Physical examination revealed a well-appearing child with pink eczematous patches and plaques extending from the left side of the lower back to the mid shin in an L5 distribution (Figure). The left thigh was tender to palpation, and nontender left inguinal lymphadenopathy was present. A single isolated 2-mm vesicle was found on the anterior aspect of the left lower leg. Direct fluorescent antibody testing of vesicle fluid was positive for VZV antigen, confirming the diagnosis of HZ.

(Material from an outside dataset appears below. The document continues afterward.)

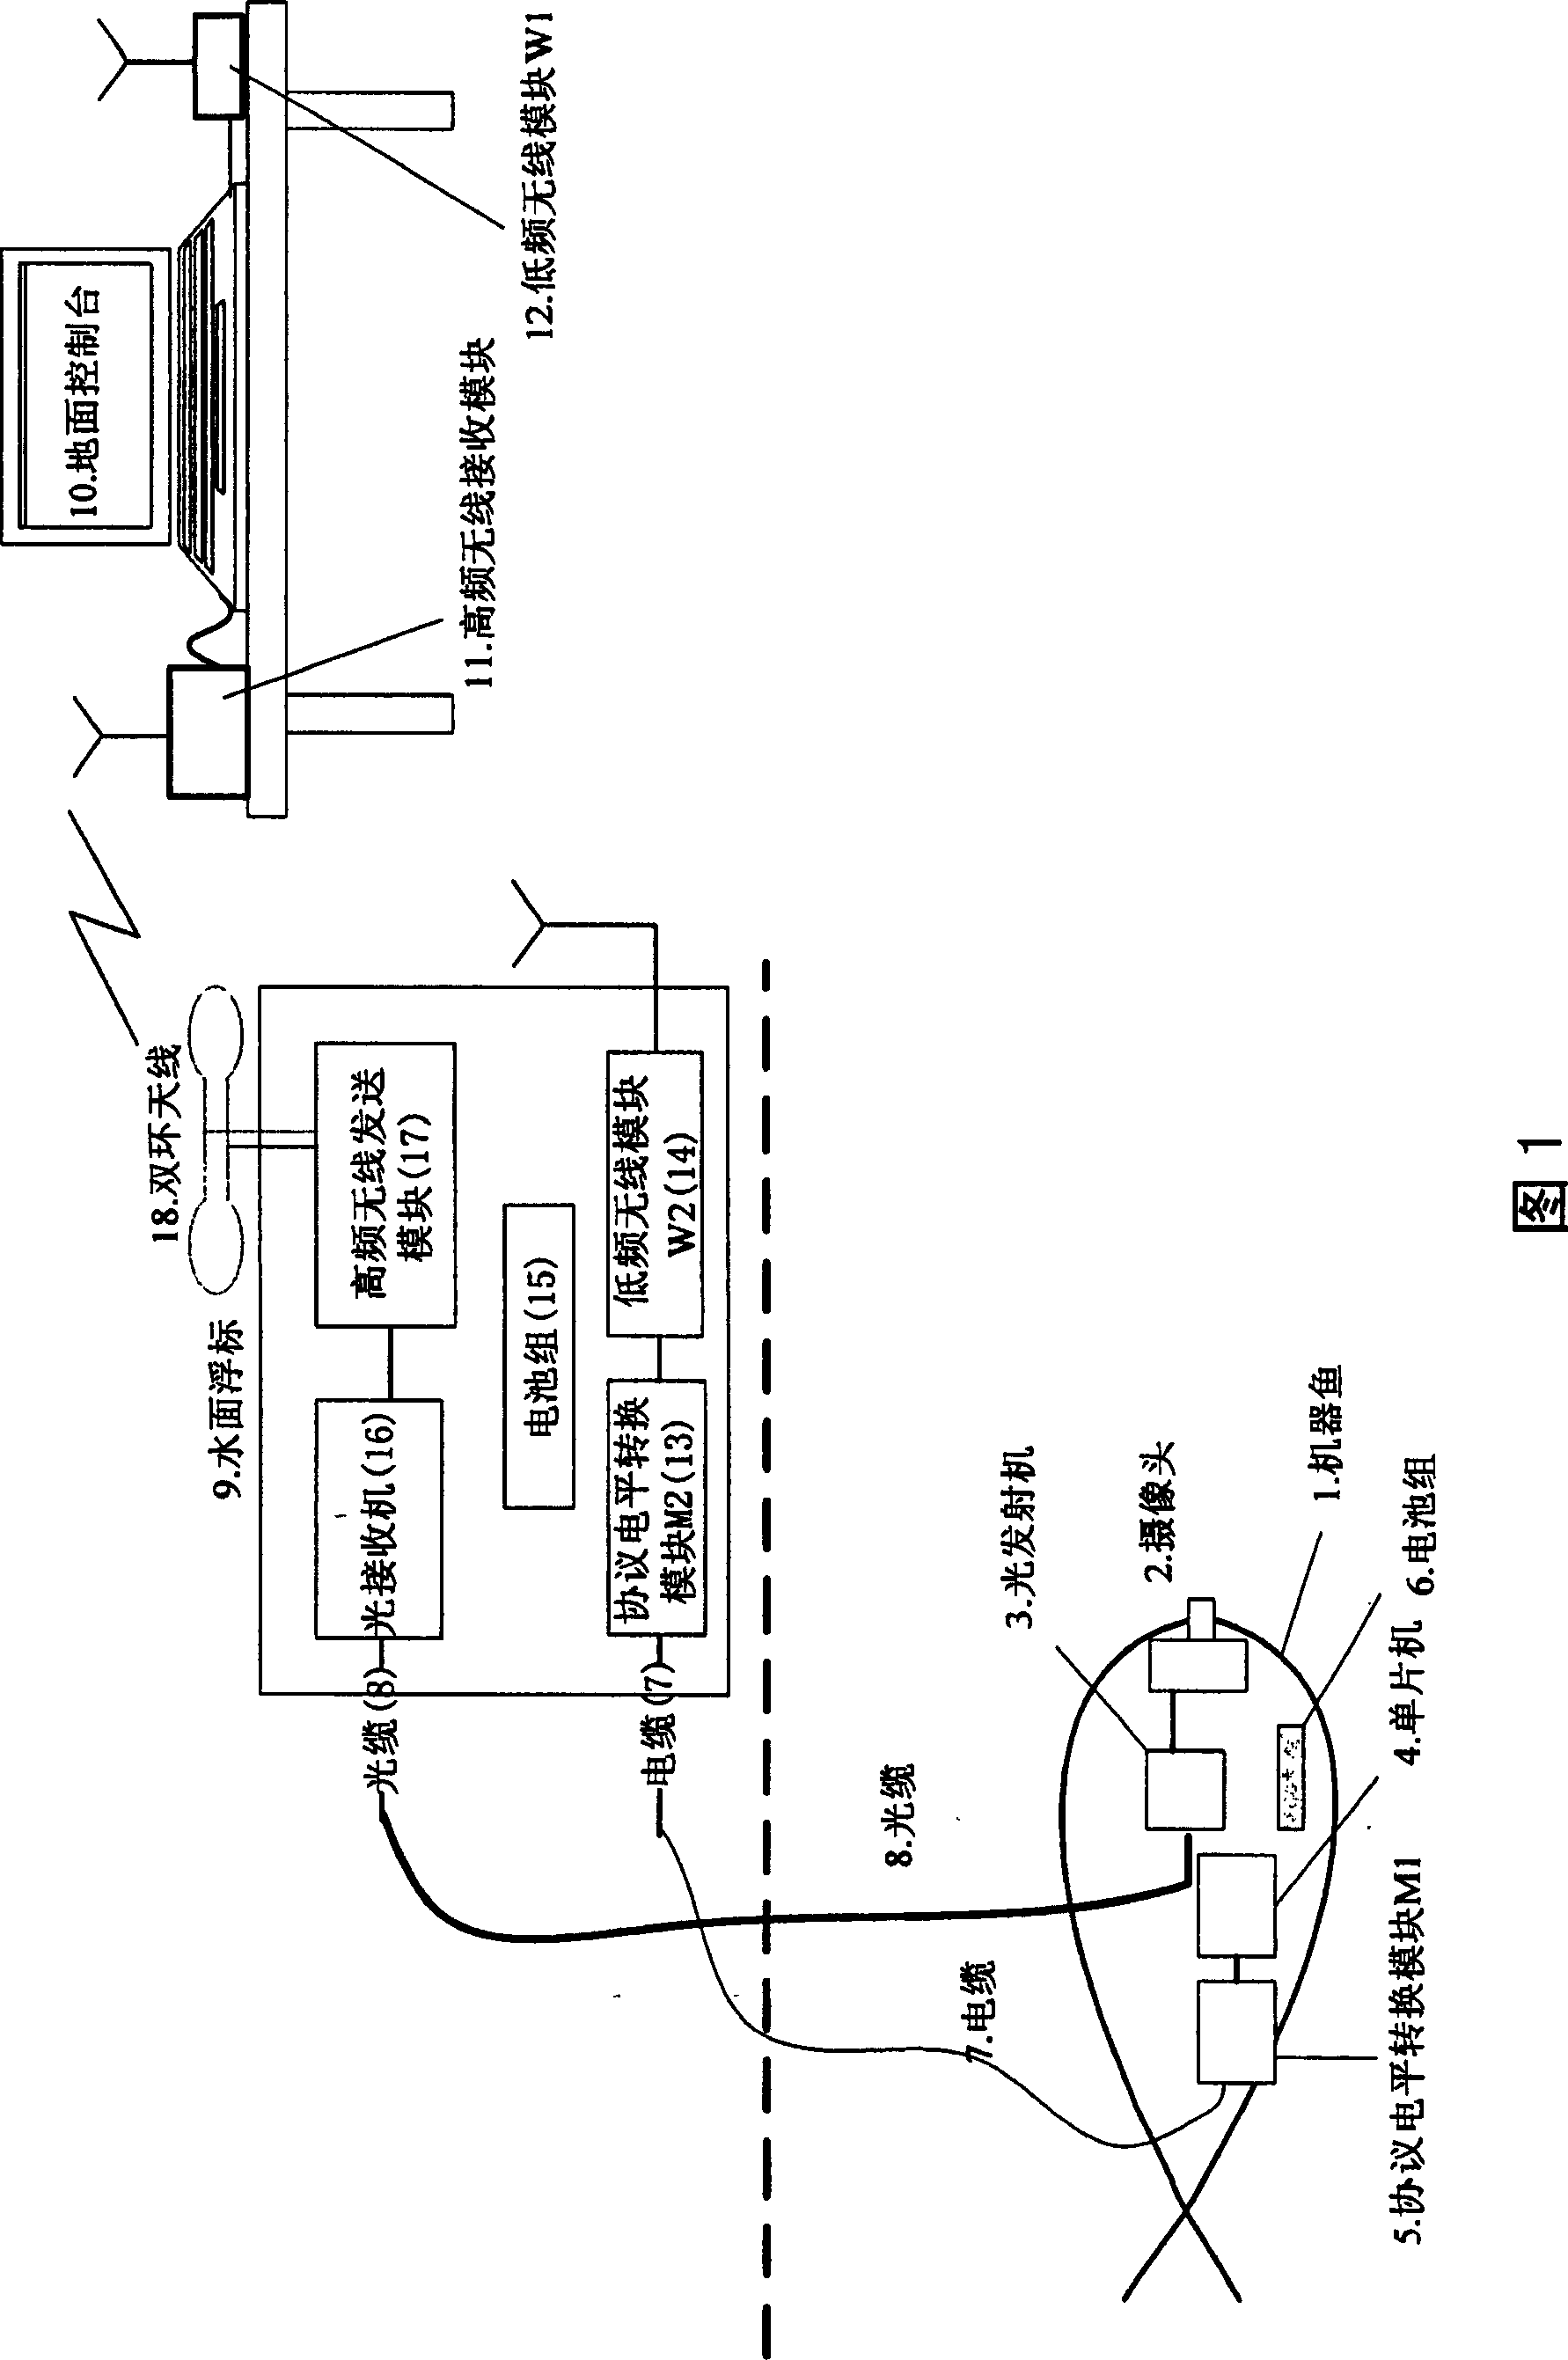 Water surface information relay system used for bionic machine fish

The patient’s mother confirmed that she had no obvious history of VZV. She had received VZV vaccinations in the left leg and arm at 1 and 4 years of age, respectively. She was treated with acyclovir (80 mg/kg daily at 6-hour intervals for 5 days) with immediate improvement in symptoms and resolution of the rash by day 5 of treatment. She experienced intermittent burning pain in the leg throughout the course of treatment, which resolved shortly thereafter.
Comment
Herpes zoster is rare in young healthy children, and its incidence has decreased since the introduction of universal varicella vaccination.4 Reported incidence rates in vaccinated children vary from approximately 15 to 93 per 100,000 person-years,5,6 and the reported relative risk is 0.08 to 0.36 in vaccinated compared to unvaccinated children.6,7 No correlations with gender, race, or ethnicity and postvaccination HZ have been observed.5,8 Reported intervals between vaccination and HZ presentation are as short as 3 months and as long as 11 years.9 Although HZ is uncommon in immunocompetent children, the diagnosis of HZ itself is not an indication for formal workup for an underlying immunodeficiency or malignancy.10
Both wild-type and vaccine-strain VZV establish latent infection and can cause HZ in vaccinated children. Direct fluorescent antibody testing or polymerase chain reaction of HZ lesions can be used to identify VZV. Genotyping can distinguish the wild-type versus the vaccine strain but is not required for clinical management.3 In previously vaccinated children with HZ, approximately half present with wild-type and half with vaccine-strain VZV. In approximately half of wild-type cases, prior clinical varicella infection also occurred.8
Regardless of virus strain, vaccinated children typically present with the characteristic painful, vesicular, dermatomal HZ rash.8,9 This presentation can be milder with less pain and fewer vesicles than with unvaccinated cases.6 When vaccine-strain HZ occurs, the rash often presents at or near the site of initial vaccination, which typically is the arm or thigh.3,4,6,9 The vaccine strain has lower virulence than the wild-type virus. Eight cases of vaccine-strain zoster severe enough to cause neurological complications such as meningitis or encephalitis have been reported in children, with 6 cases reported in healthy children.9,11-17 Antiviral drugs hasten the healing of the HZ rash and shorten the duration of associated pain.1
Although pediatric HZ is uncommon, all physicians should be aware of possible atypical presentations in healthy vaccinated children to appropriately and quickly manage treatment.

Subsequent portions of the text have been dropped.